Figure 6: Word cloud for "extremely low" prompted neuroticism, showing positive affective language in generated social media updates.

These findings confirm that LLM personality shaping is not limited to survey responses but manifests in open-ended, user-facing outputs, supporting the external validity of the approach.

Implications, Limitations, and Future Directions

The work has significant implications for responsible AI, alignment, and safety. The ability to measure and shape LLM personality enables proactive auditing for undesirable behavioral patterns and supports the development of chatbots with consistent, customizable, and safer personality profiles. The methodology is model-agnostic and can be extended to other architectures and psychometric constructs.

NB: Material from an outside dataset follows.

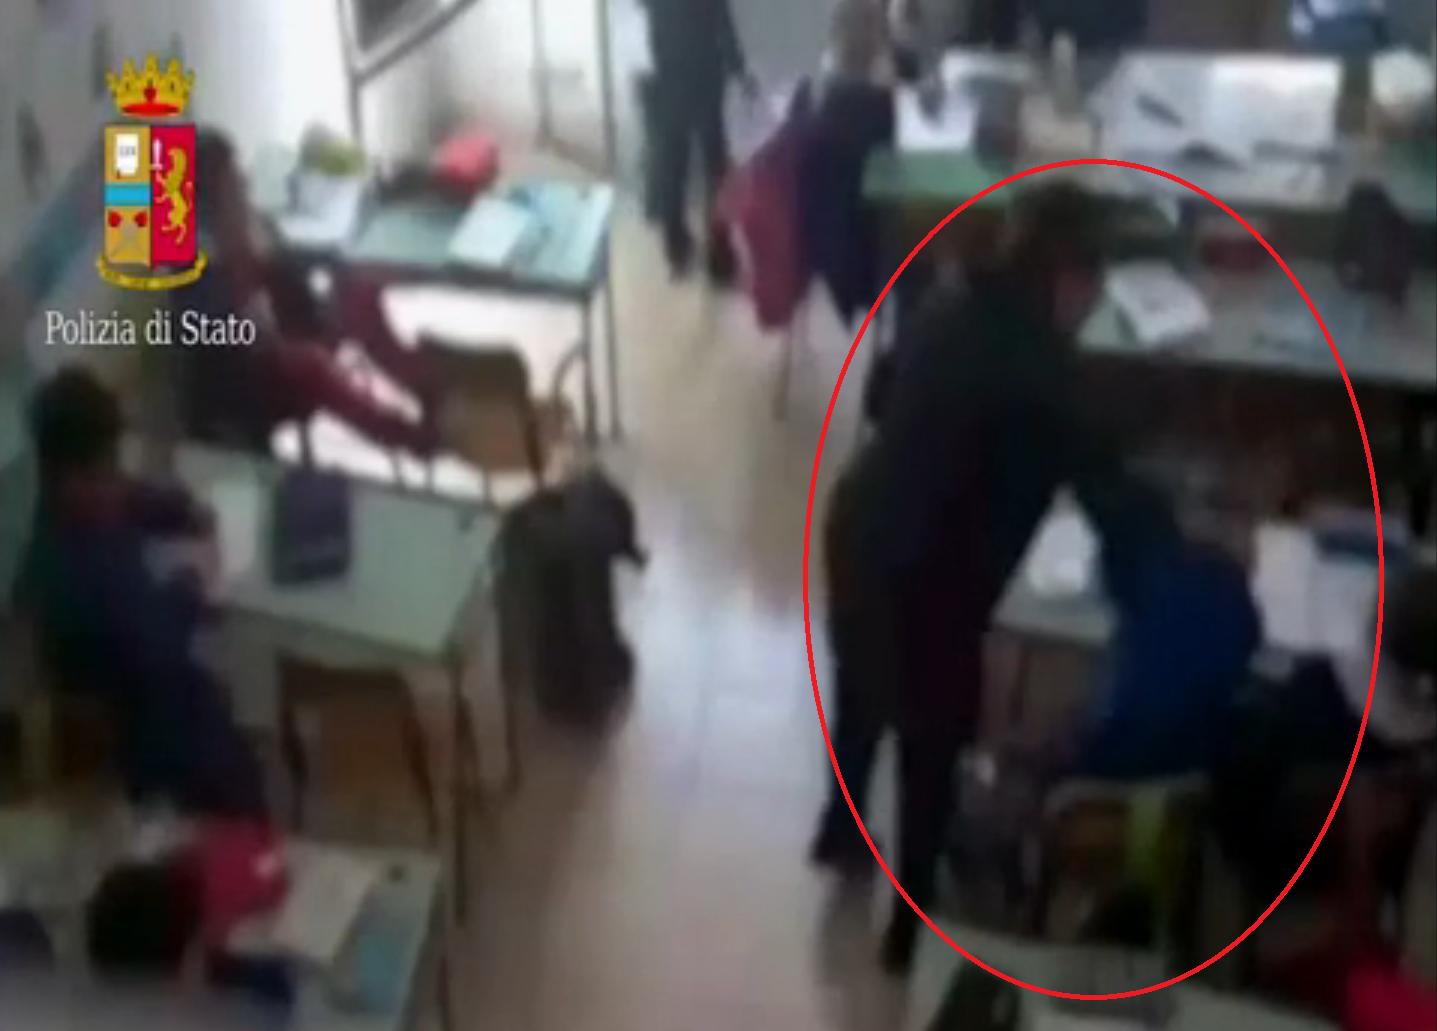 Orrore tra i banchi di scuola. Soprusi su bambini delle elementari

However, the paper is limited by its focus on English-language, Western-centric data and the Big Five model. The authors note the need for cross-cultural validation, alternative personality frameworks (e.g., HEXACO), and further exploration of the impact of context length and generative vs. scoring inference modes. The ethical risks of anthropomorphization, manipulation, and misuse are also discussed, highlighting the need for transparent and regulated deployment.

Conclusion

This paper establishes a rigorous, psychometrically-grounded methodology for measuring, validating, and shaping personality traits in LLMs. The results show that large, instruction-tuned LLMs can reliably simulate and express human-like personality traits, and that these traits can be precisely controlled via prompt engineering, with effects observable in both survey responses and real-world generative tasks. The work provides a foundation for principled LLM assessment and personality alignment, with broad implications for AI safety, customization, and ethical deployment.